# What do you guys do for the lack of PCie slots?



## AudioN00B (Mar 3, 2013)

Running something like a mico/mini ATX board, only has one PCie slot. How do you guys get your other peripherals; GPS, sound card, graphix, TV Tuner, etc connected to the board? Can you use the USB ports?


----------



## MarkZ (Dec 5, 2005)

Why couldn't you use the USB ports?


----------



## AudioN00B (Mar 3, 2013)

MarkZ said:


> Why couldn't you use the USB ports?


Exactly what I was thinking. GPS I can get in a SUB interface, but what do you do about sound cards, TV/FM tuners, etc.


----------



## MarkZ (Dec 5, 2005)

I've always used USB for all that stuff. The drawback is that it can add to boot times (depending on the device), but if you're careful with product selection it shouldn't be too significant.


----------



## AudioN00B (Mar 3, 2013)

MarkZ said:


> I've always used USB for all that stuff. The drawback is that it can add to boot times (depending on the device), but if you're careful with product selection it shouldn't be too significant.


Sound Card and GPU in a USB interface?


----------



## MarkZ (Dec 5, 2005)

Onboard graphics and USB sound. USB tuners too. All bus-powered.  
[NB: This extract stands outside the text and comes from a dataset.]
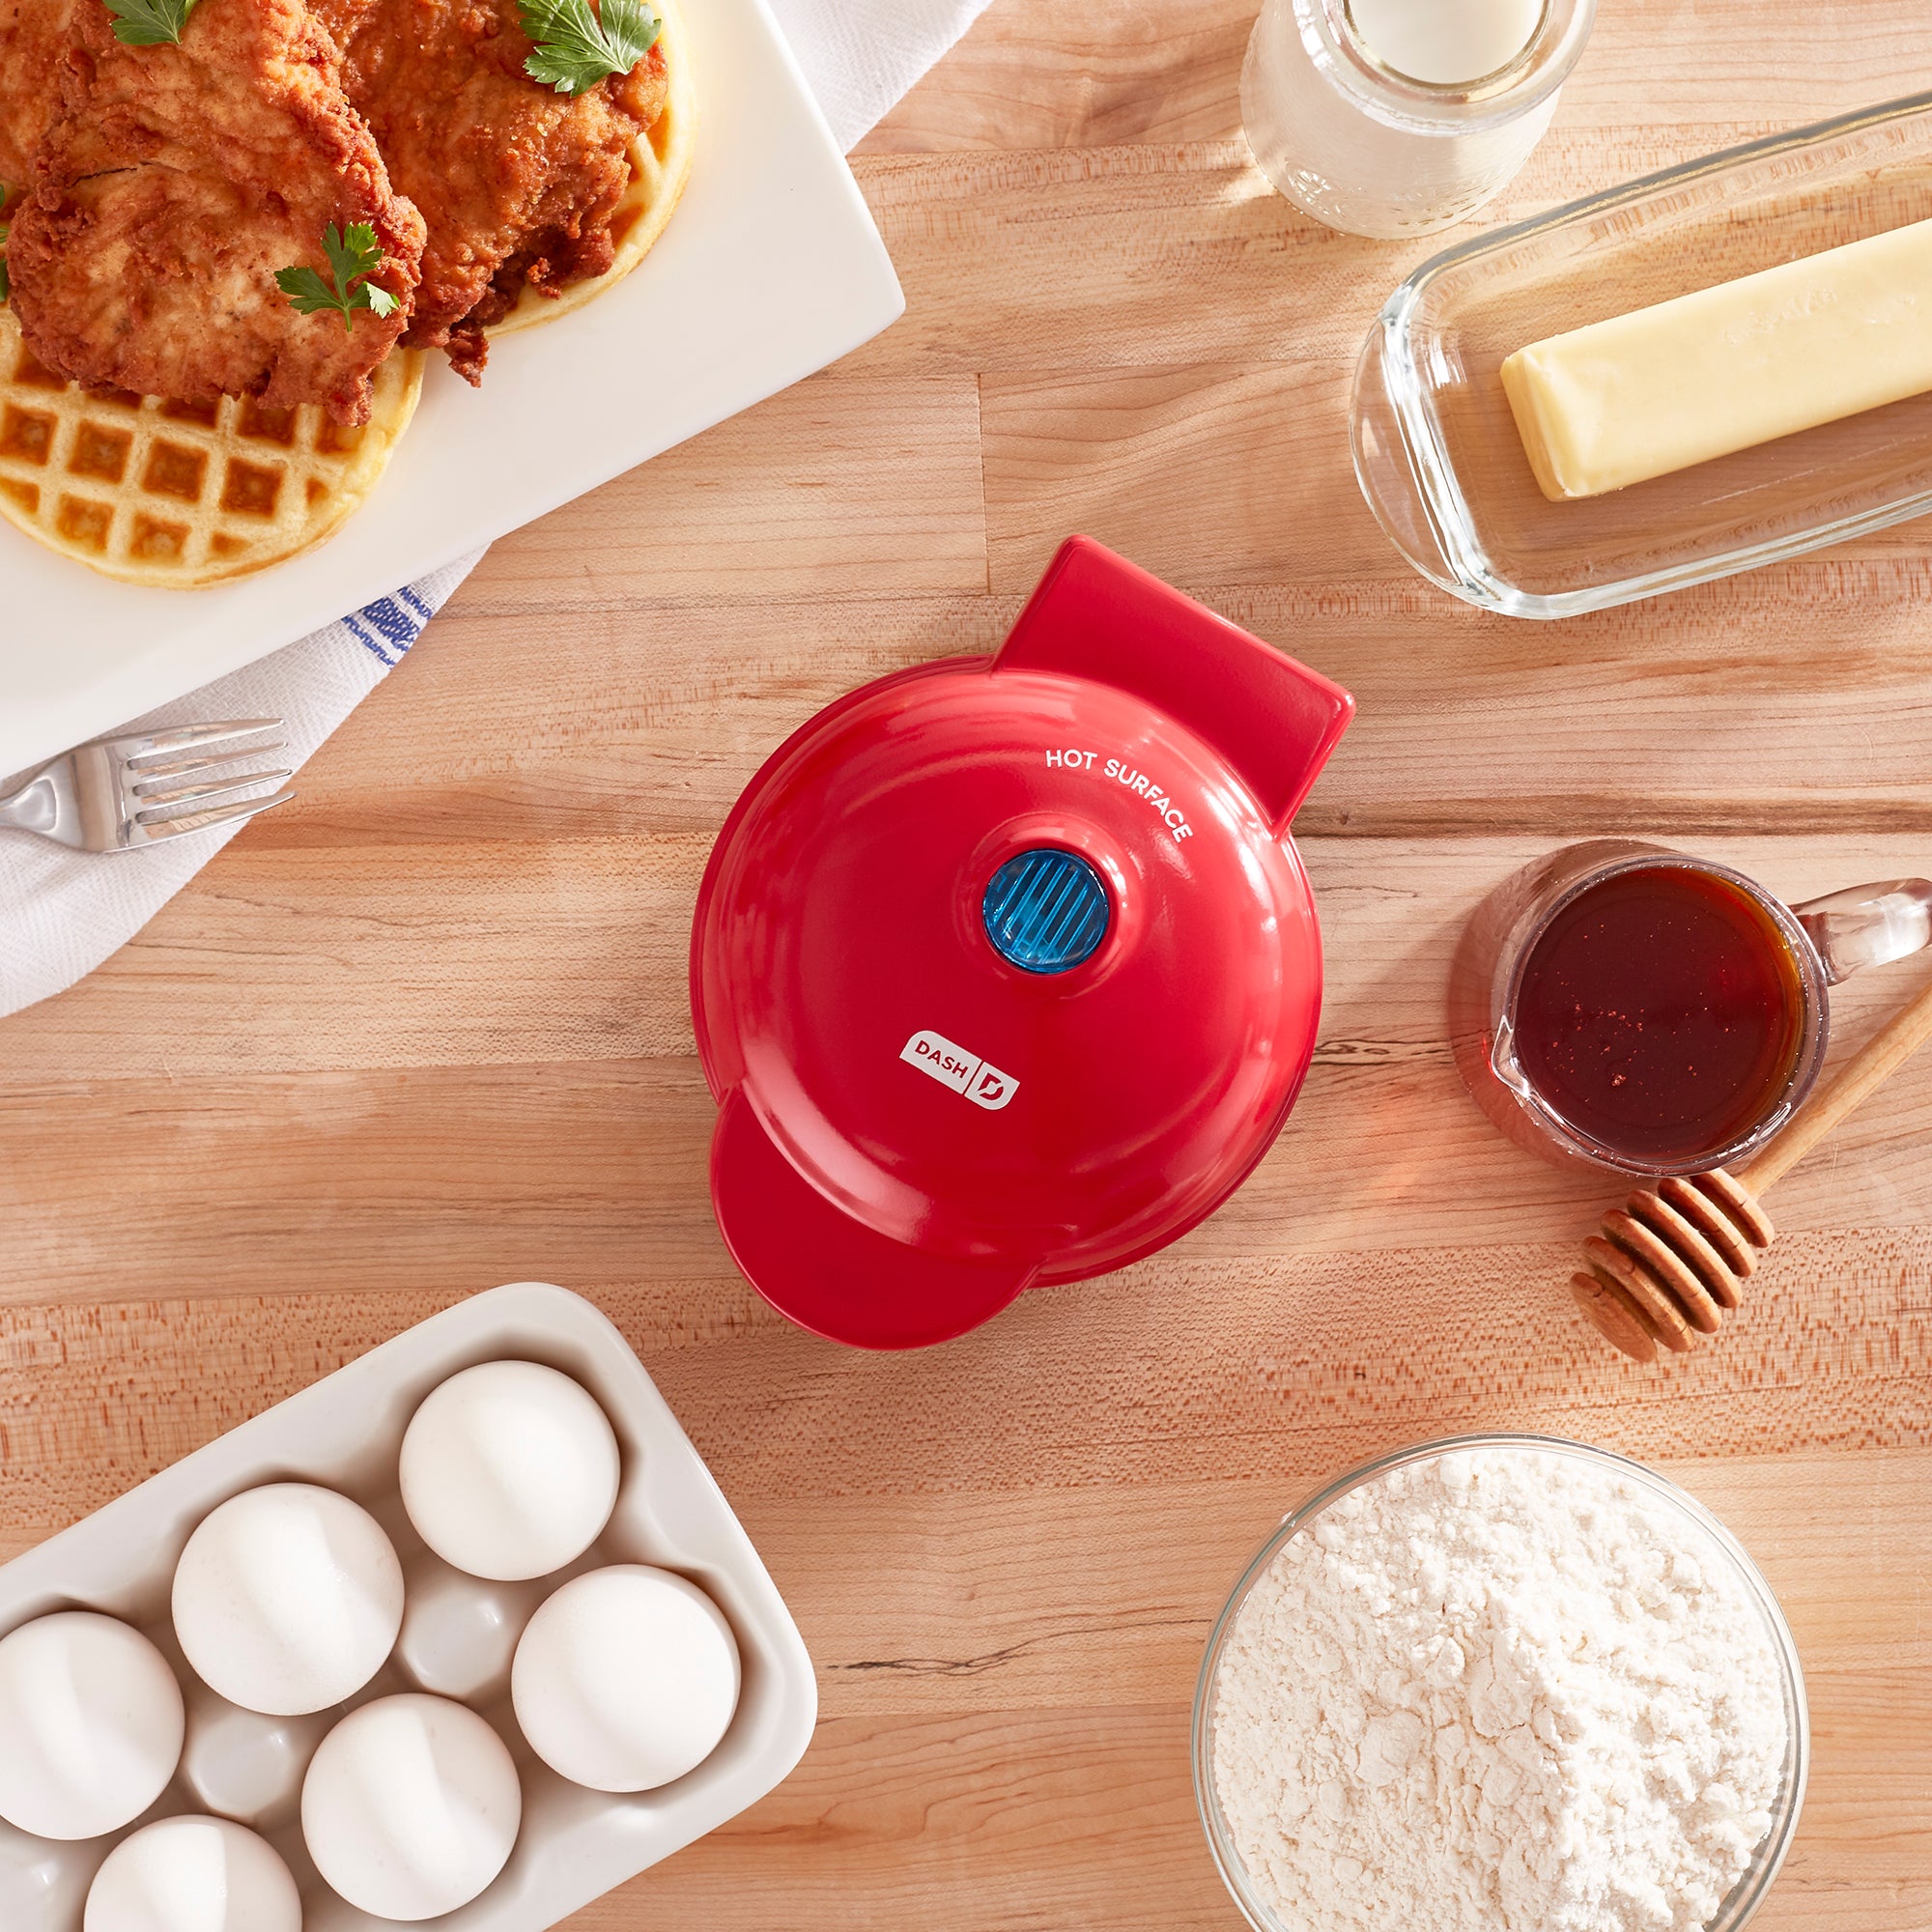  DASH Mini Waffle Stick Maker 4 inch, Aqua: Home & Kitchen

There are lots of them out there. How many channels of audio are you looking for? You can get 6-8 for cheap. Beyond that, it becomes a bit more expensive.


----------



## AudioN00B (Mar 3, 2013)

MarkZ said:


> Onboard graphics and USB sound. USB tuners too. All bus-powered.
> 
> There are lots of them out there. How many channels of audio are you looking for? You can get 6-8 for cheap. Beyond that, it becomes a bit more expensive.


Please tell me moar. I squirmed when I read sound card in USB. Yes 8 channels is what I'm looking for. 
Originally wanted to go with onboard video, but when I settled on a mobo, found out no onboard; haz to get GPU.


----------



## MarkZ (Dec 5, 2005)

Here's an 8ch with RCA outputs.

ESI - Product Archive: GIGAPORT HD

M-Audio also has some USB and firewire multichannels, but they tend to be bigger and more money.


----------



## AudioN00B (Mar 3, 2013)

Many thanks. I'll hit you up later.


----------